- **Raw data**:
________
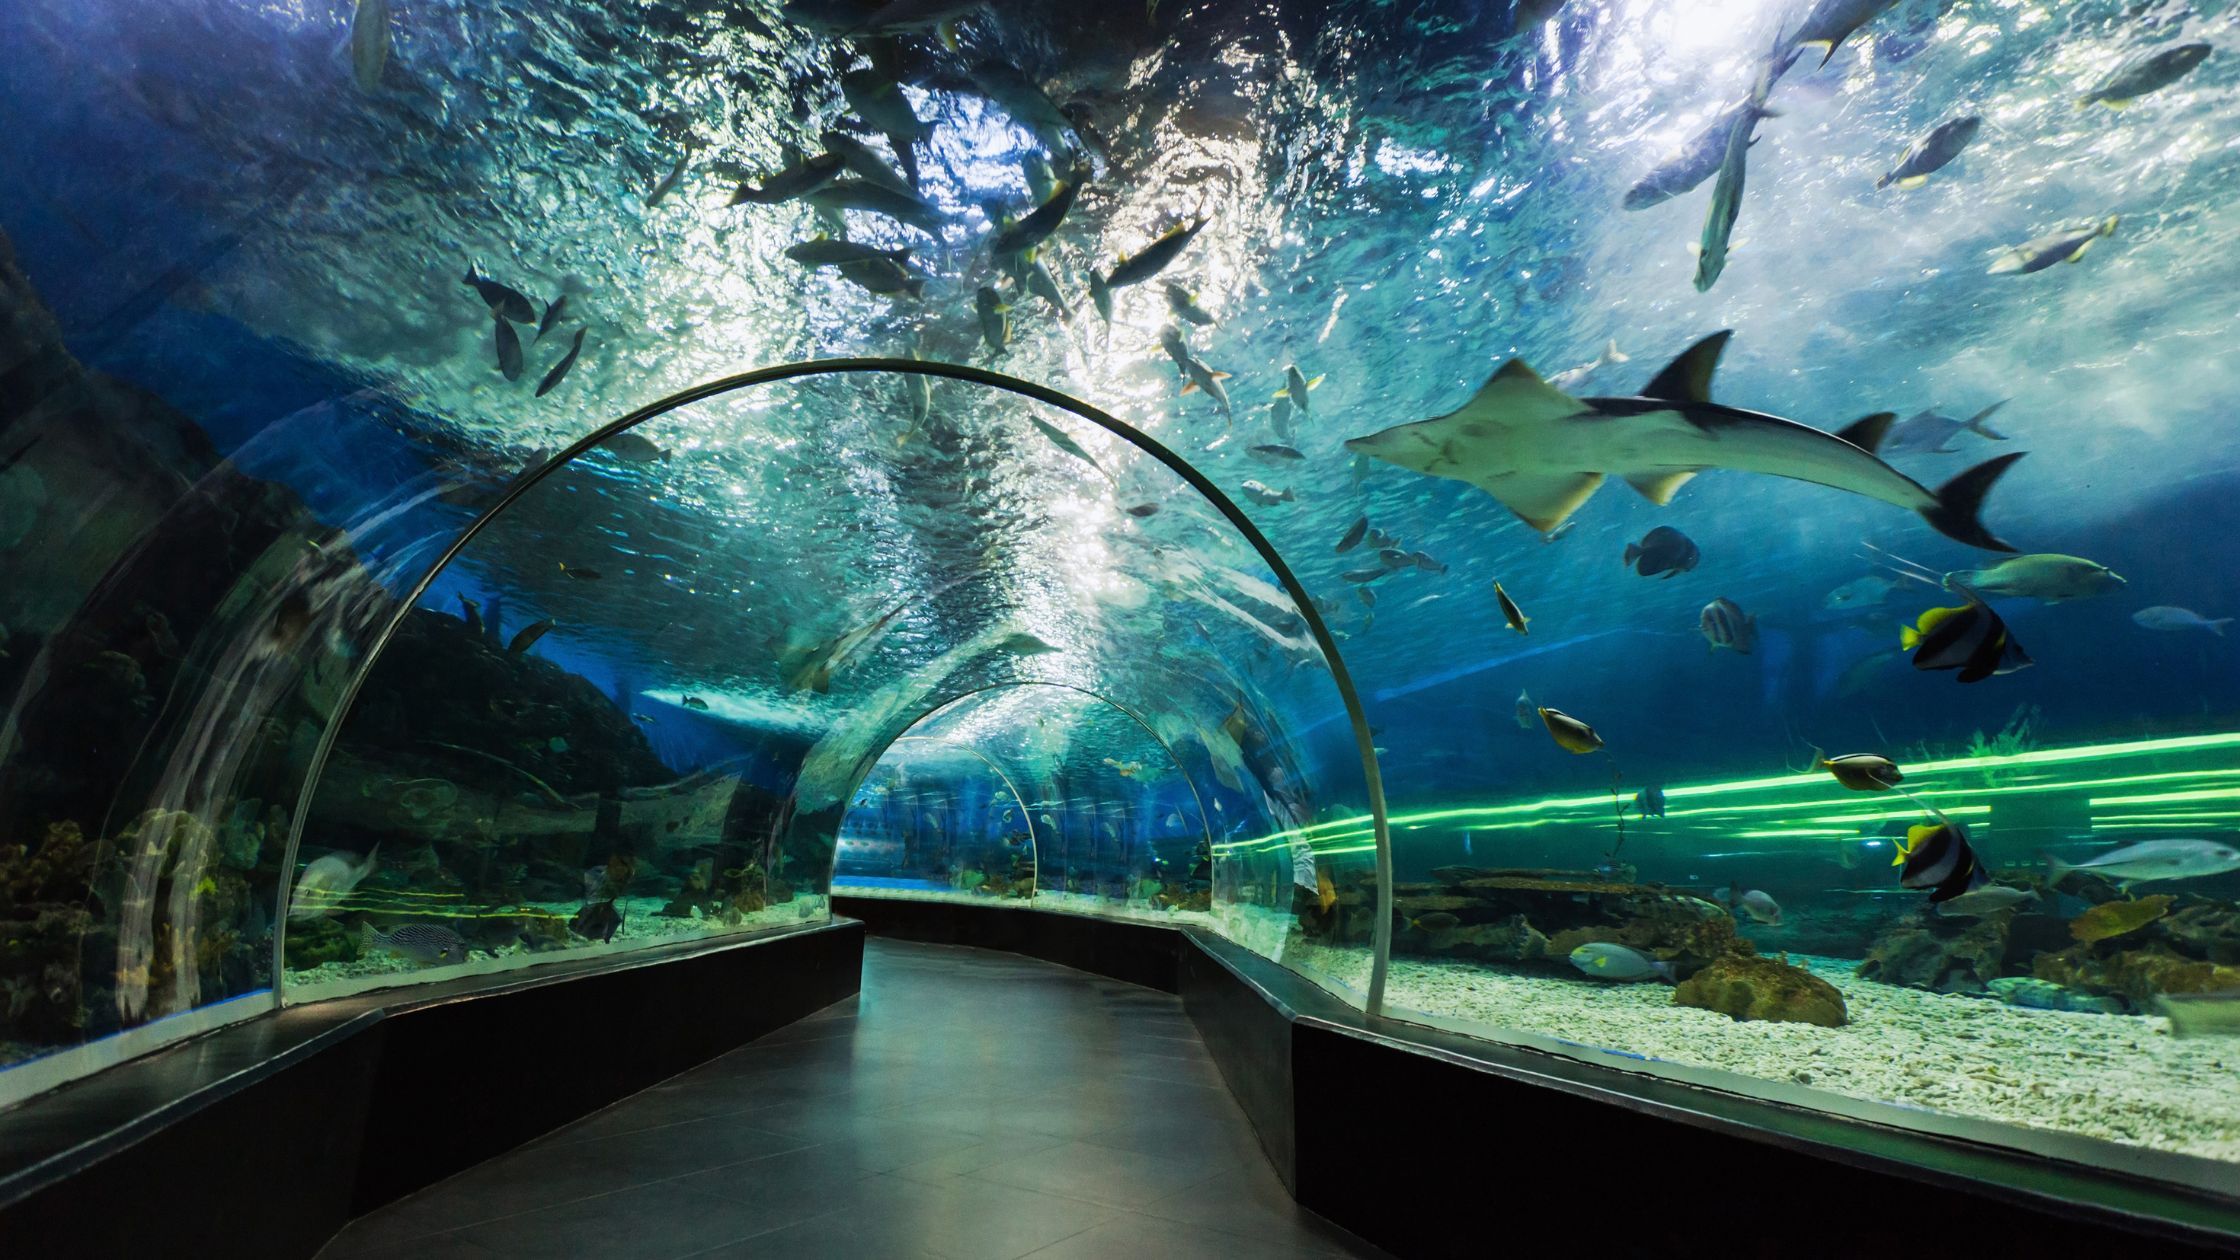 Dubai Aquarium tunnel and The Underwater Zoo tour
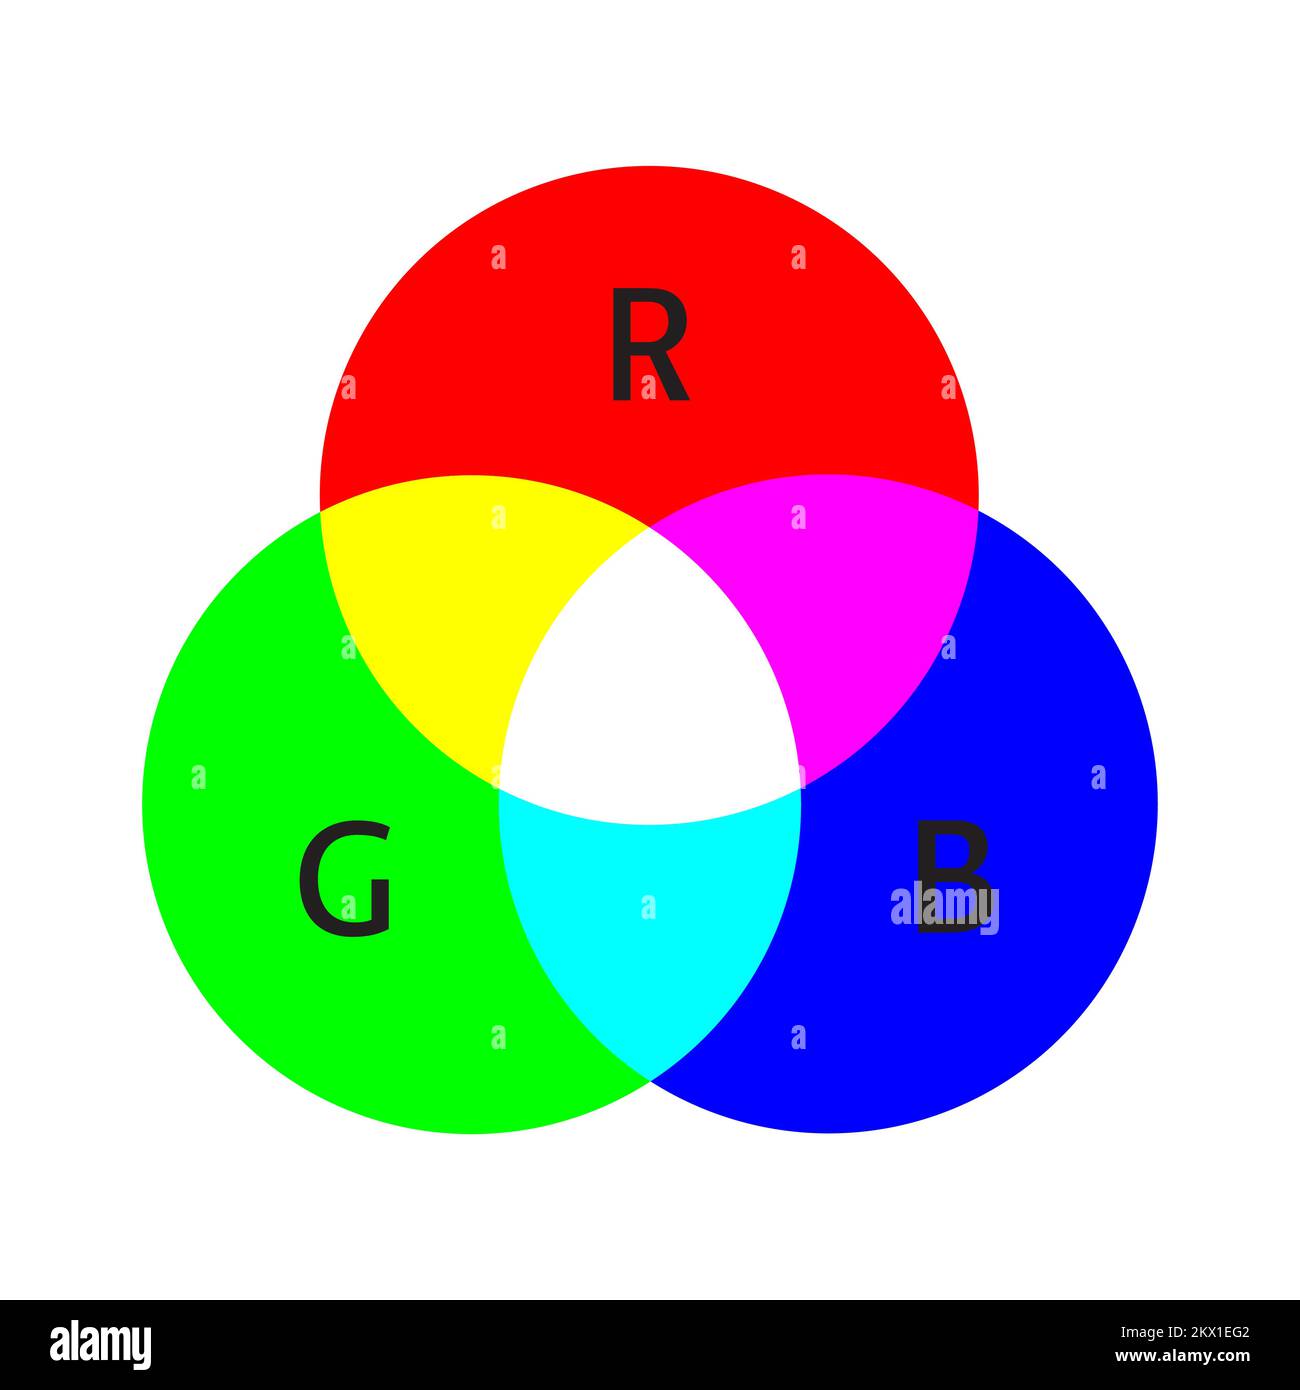 Schema del modello di colore RGB. Miscelazione additiva di tre colori primari. Tre cerchi sovrapposti. Illustrazione semplice per l'istruzione Illustrazione Vettoriale
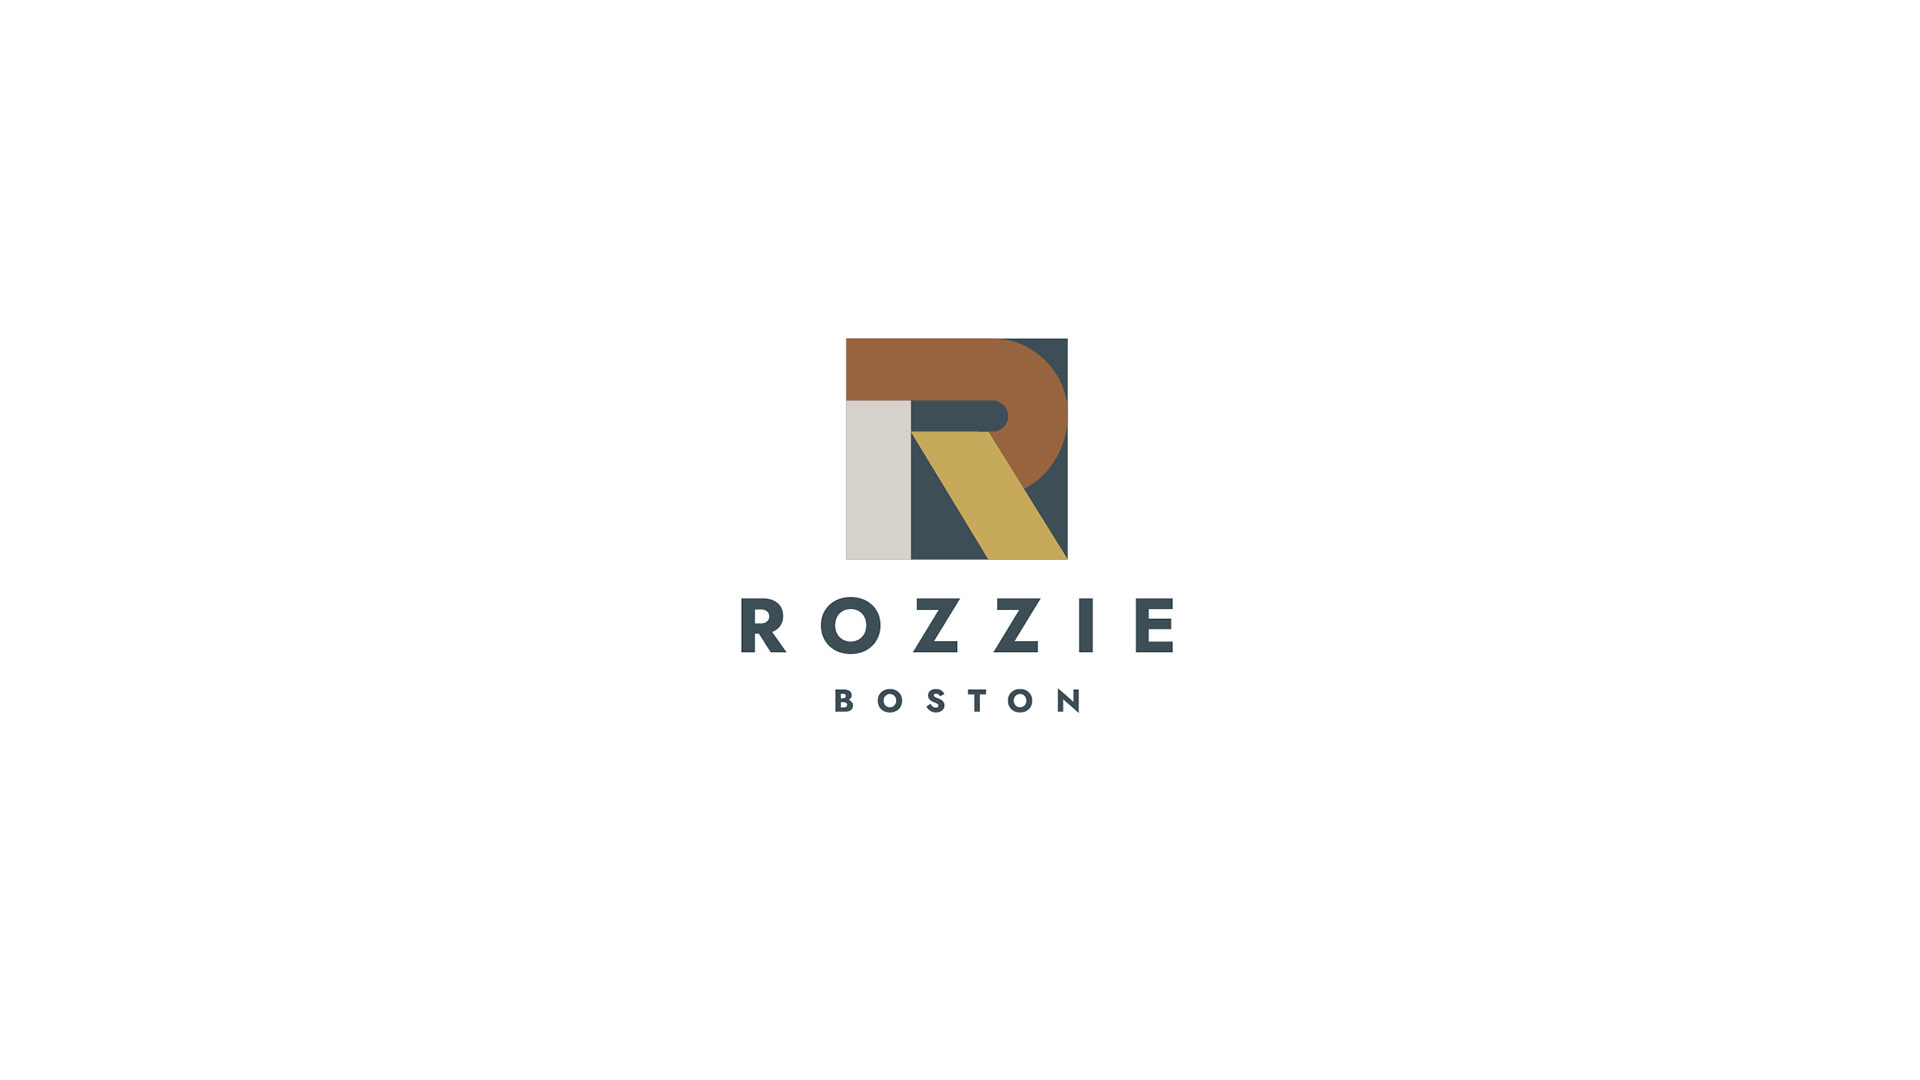 rozzie boston logo on white
________
Starting at the line that holds "Schema del modello", retype every line through the end of the data, both ends included. Pictures stay out of the copy.

 Schema del modello di colore RGB. Miscelazione additiva di tre colori primari. Tre cerchi sovrapposti. Illustrazione semplice per l'istruzione Illustrazione Vettoriale
 rozzie boston logo on white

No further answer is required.